Mr. Haley then renegotiated the transaction, securing a dividend for Towers’ stockholders that was more than double the amount previously agreed upon by the parties, the ruling said.

The plaintiff in the litigation, Anchorage-based Alaska Laborers-Employers Retirement Trust, charged that during the period between the time the initial deal was struck, but before Mr. Haley secured a higher dividend, defendant San Francisco-based ValueAct Capital Management LP Trust, which held more than 10% of Willis stock, made an allegedly undisclosed proposal to Mr. Haley.

Under this proposal, Mr. Haley “would receive materially greater upside in his compensation post-merger than he had received pre-merger,” said the ruling.

“The plaintiffs say this proposal misaligned the CEO’s incentives at a critical juncture in the negotiations, inspiring him to ask for no more of a dividend than he believed necessary to secure Towers’ stockholder approval.”

This argument was rejected by the court in the ruling.
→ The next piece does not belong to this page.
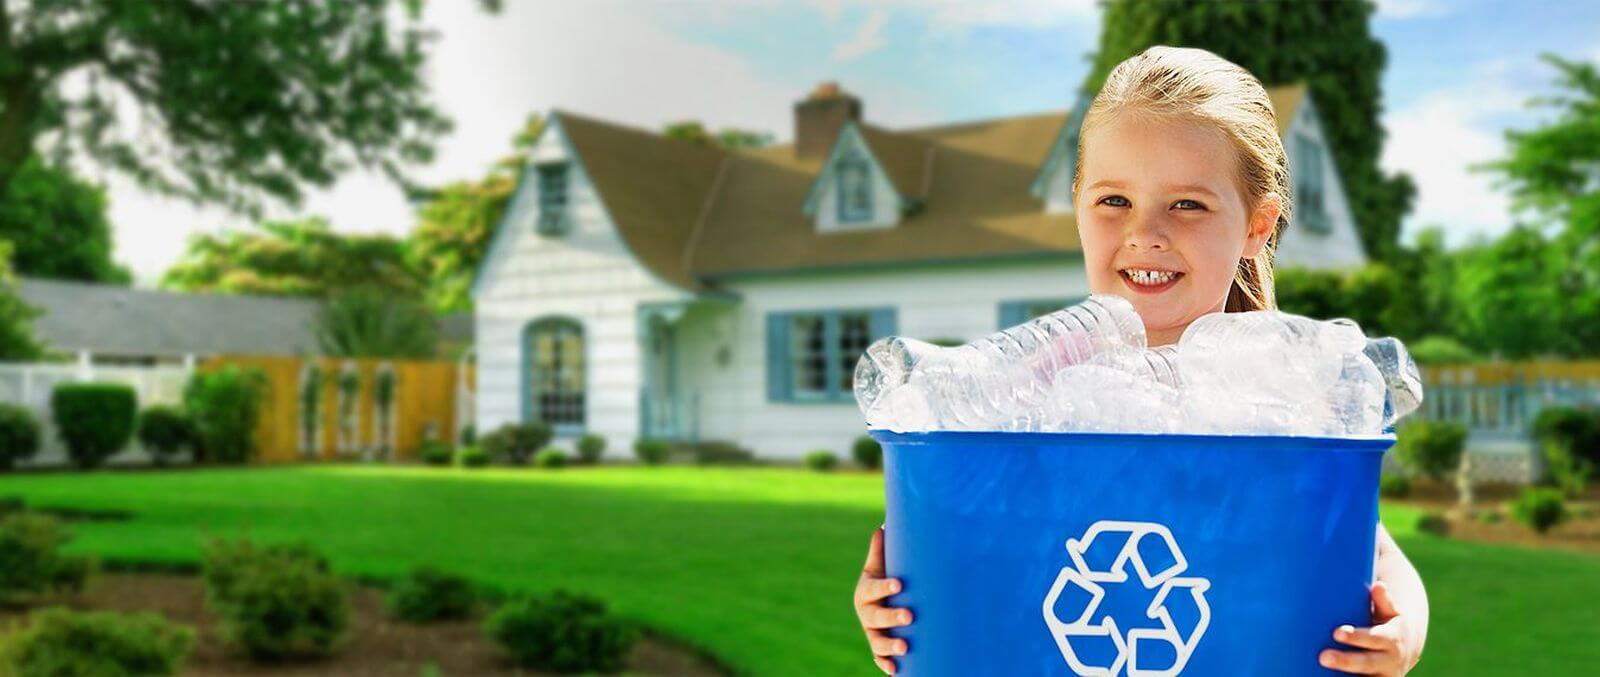 Contacto Cooperativa de reciclado de basura
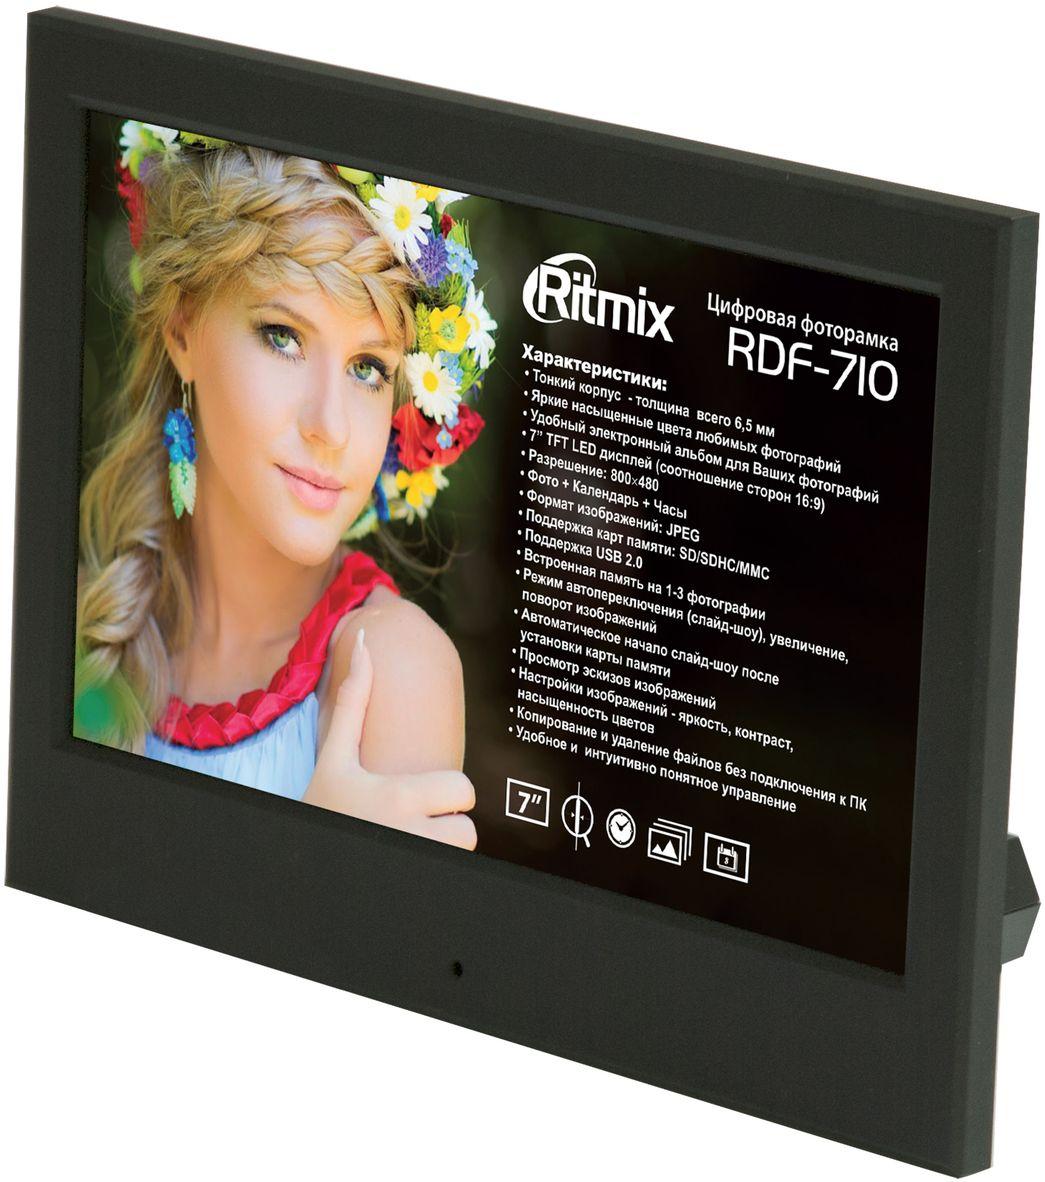 Ritmix RDF-710, Black цифровая фоторамка - Цифровые фоторамки

At issue in the case is the business judgment rule, which upholds a director’s decision so long as it is made in the belief he was acting in the company’s best interests, in good faith and in a reasonably prudent manner.

“The fact of the allegedly undisclosed compensation proposal fails to rebut the business judgment rule,” said the decision. “At bottom, the Towers board knew that the CEO would become CEO of the combined company post-merger, that the combined company would be much larger, and that the CEO thus would be entitled to increased compensation,” it said.

“Knowing this potential conflict, the board nevertheless appointed the CEO as lead negotiator but kept apprised of the negotiations.

“Further, the compensation proposal was a proposal only; it reflected a theory of compensation and upside potential in the event of pie-in-the-sky outcomes unconnected to any business plan or forecast.

“Given what the board already knew, and the nature of the compensation proposal at issue, a reasonable board member would not have regarded the proposal as significant when evaluating the proposed transaction,” said the ruling, in granting the defendant’s motion to dismiss.

Attorneys in the case had no comment or could not be reached.